Group elements of the data set if they are next to each other with LINQ

I have a data set (ex. 1, 1, 4, 6, 3, 3, 1, 2, 2, 2, 6, 6, 6, 7) and I want to group items of the same value but only if they are next to each other minimum 3 times.
Is there a way?
I've tried using combinations of Count and GroupBy and Select in every way I know but I can't find a right one.
Or if it can't be done with LINQ then maybe some other way?

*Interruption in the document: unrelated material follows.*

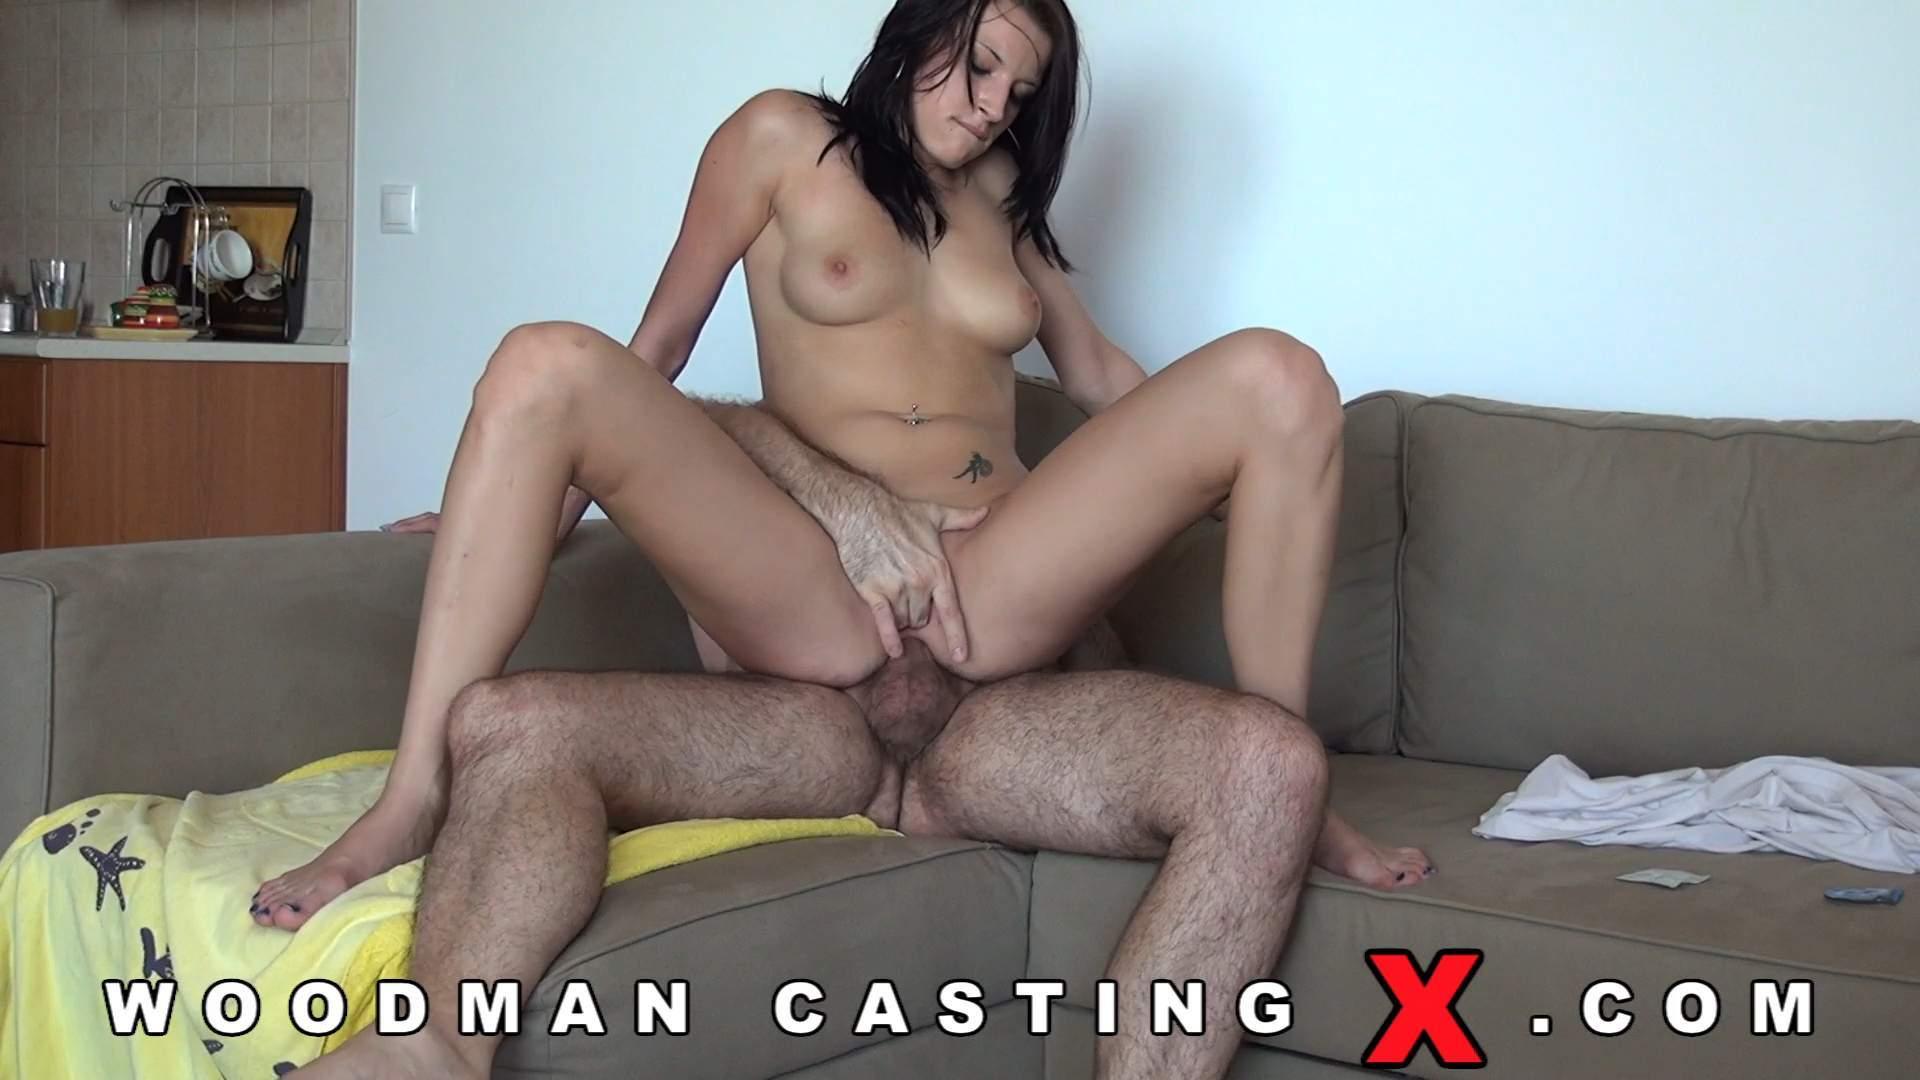 Кастинг.вудмана.порно

I don't think I'd strive for a 100% LINQ solution for this:
var r = new List<List<int>>() { new () { source.First() } };
foreach(var e in source.Skip(1)){
if(e == r.Last().Last()) r.Last().Add(e);
else r.Add(new(){ e });
}
return r.Where(l => l.Count > 2);
The .Last() calls can be replaced with [^1] if you like
This works like:
have an output that is a list of lists
put the first item in the input, into the output
For the second input items onward, if the input item is the same as the last int in the output, add the input item to the last list in the output,
Otherwise make a new list containing the input int and add it onto the end of the output lists
Keep only those output lists longer than 2
If he output is like:
[
[2,2,2],
[6,6,6]
]
Aggregate can be pushed into doing the same thing; this is simply an accumulator (r), an iteration (foreach) and an op on the result Where
var result = source.Skip(1).Aggregate(
new List<List<int>>() { new List<int> { source.First() } },
(r,e) => {
if(e == r.Last().Last()) r.Last().Add(e);
else r.Add(new List<int>(){ e });
return r;
},
r => r.Where(l => l.Count > 2)
);
..but would you want to be the one to explain it to the new dev?

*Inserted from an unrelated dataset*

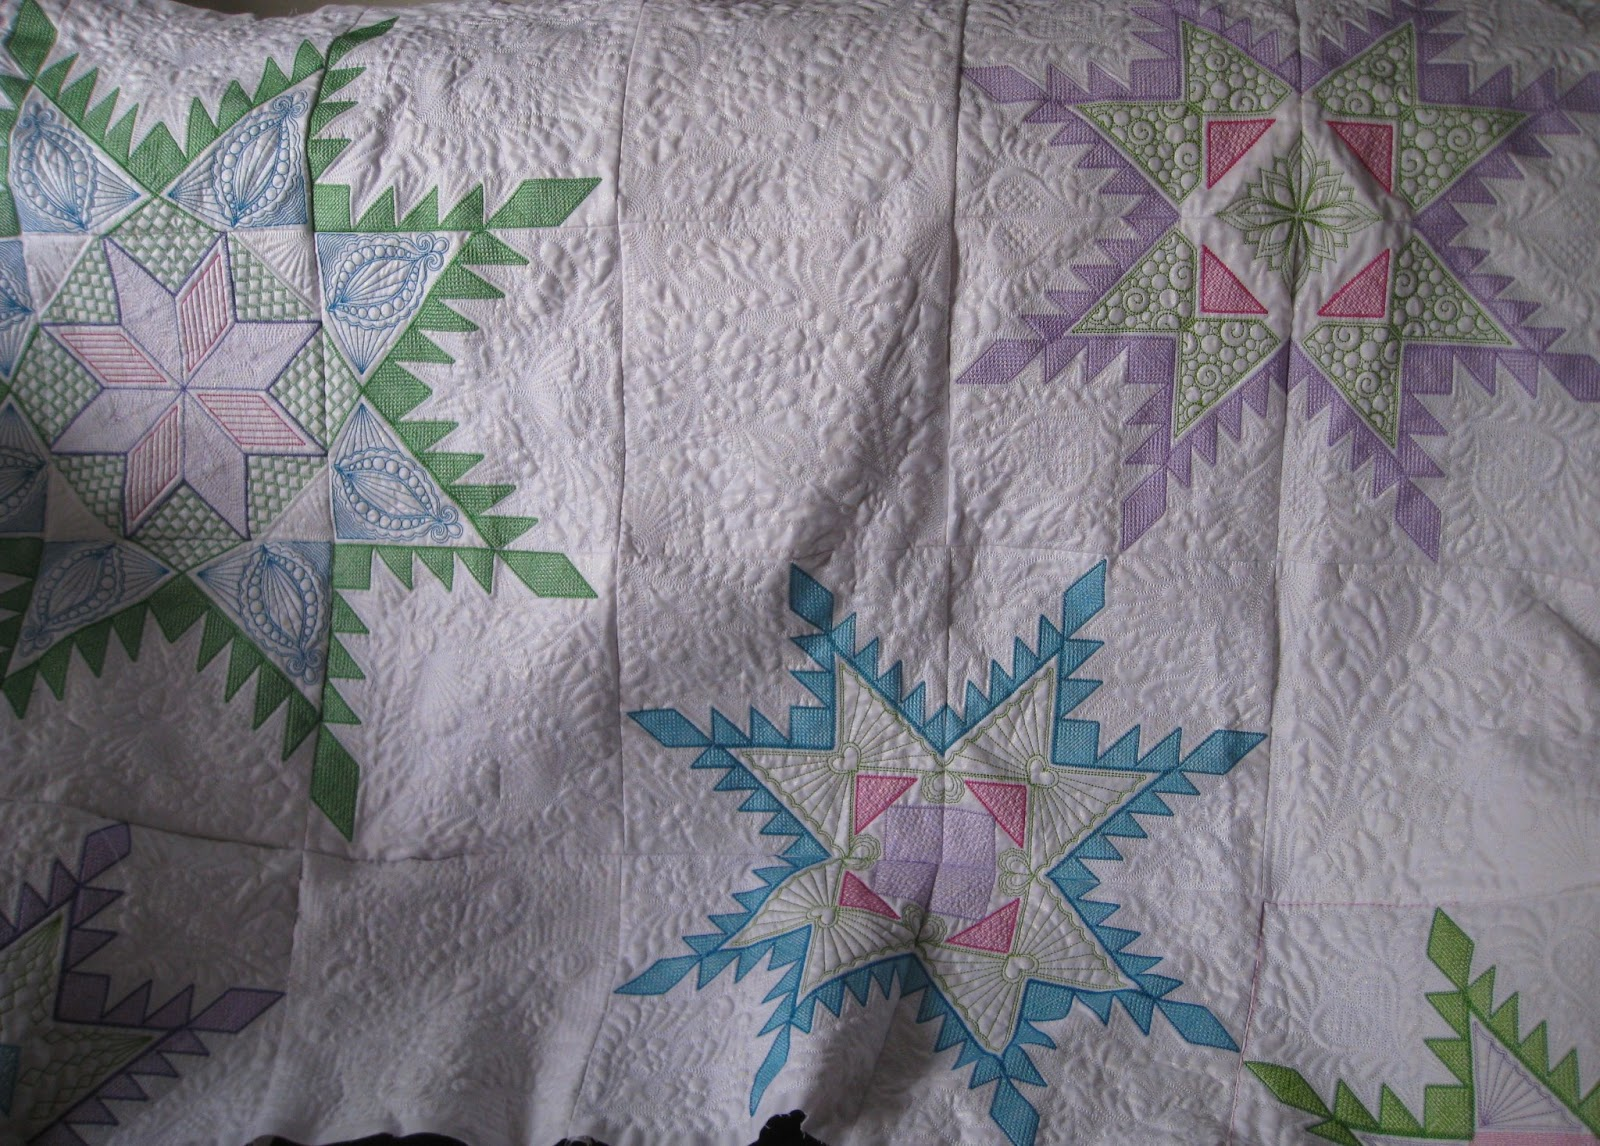 Vicki S Fabric Creations Crazy Quilt Block 26

Another LINQy way would be to establish a counter that incremented by one each time the value in the source array changes compared to the pervious version, then group by this integer, and return only those groups 3+, but I don't like this so much because it's a bit "WTF"

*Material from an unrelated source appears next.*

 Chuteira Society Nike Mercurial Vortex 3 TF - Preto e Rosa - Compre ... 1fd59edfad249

var source = new[]{1, 1, 4, 6, 3, 3, 1, 2, 2, 2, 6, 6, 6, 7};
int ctr = 0;
var result = source.Select(
(e,i) => new[]{ i==0 || e != source[i-1] ? ++ctr : ctr, e}
)
.GroupBy(
arr => arr[0],
arr => arr[1]
)
.Where(g => g.Count() > 2);
You could consider using the GroupAdjacent or the RunLengthEncode operators, from the MoreLinq package. The former groups adjacent elements in the sequence, that have the same key. The key is retrieved by invoking a keySelector lambda parameter. The later compares the adjacent elements, and emits a single KeyValuePair<T, int> for each series of equal elements. The int value of the KeyValuePair<T, int> represents the number of consecutive equal elements. Example:
var source = new[] { 1, 1, 4, 6, 3, 3, 1, 2, 2, 2, 6, 6, 6, 7 };
IEnumerable<IGrouping<int, int>> grouped = MoreLinq.MoreEnumerable
.GroupAdjacent(source, x => x);
foreach (var group in grouped)
{
Console.WriteLine($"Key: {group.Key}, Elements: {String.Join(", ", group)}");
}
Console.WriteLine();
IEnumerable<KeyValuePair<int, int>> pairs = MoreLinq.MoreEnumerable
.RunLengthEncode(source);
foreach (var pair in pairs)
{
Console.WriteLine($"Key: {pair.Key}, Value: {pair.Value}");
}
Output:
Key: 1, Elements: 1, 1
Key: 4, Elements: 4
Key: 6, Elements: 6
Key: 3, Elements: 3, 3
Key: 1, Elements: 1
Key: 2, Elements: 2, 2, 2
Key: 6, Elements: 6, 6, 6
Key: 7, Elements: 7
Key: 1, Value: 2
Key: 4, Value: 1
Key: 6, Value: 1
Key: 3, Value: 2
Key: 1, Value: 1
Key: 2, Value: 3
Key: 6, Value: 3
Key: 7, Value: 1
Live demo.
In the above example I've used the operators as normal methods, because I am not a fan of adding using MoreLinq; and "polluting" the IntelliSense of the Visual Studio with all the specialized operators of the MoreLinq package. An alternative is to enable each operator selectively like this:
using static MoreLinq.Extensions.GroupAdjacentExtension;
using static MoreLinq.Extensions.RunLengthEncodeExtension;
If you don't like the idea of adding a dependency on a third-party package, you could grab the source code of these operators (1, 2), and embed it directly into your project.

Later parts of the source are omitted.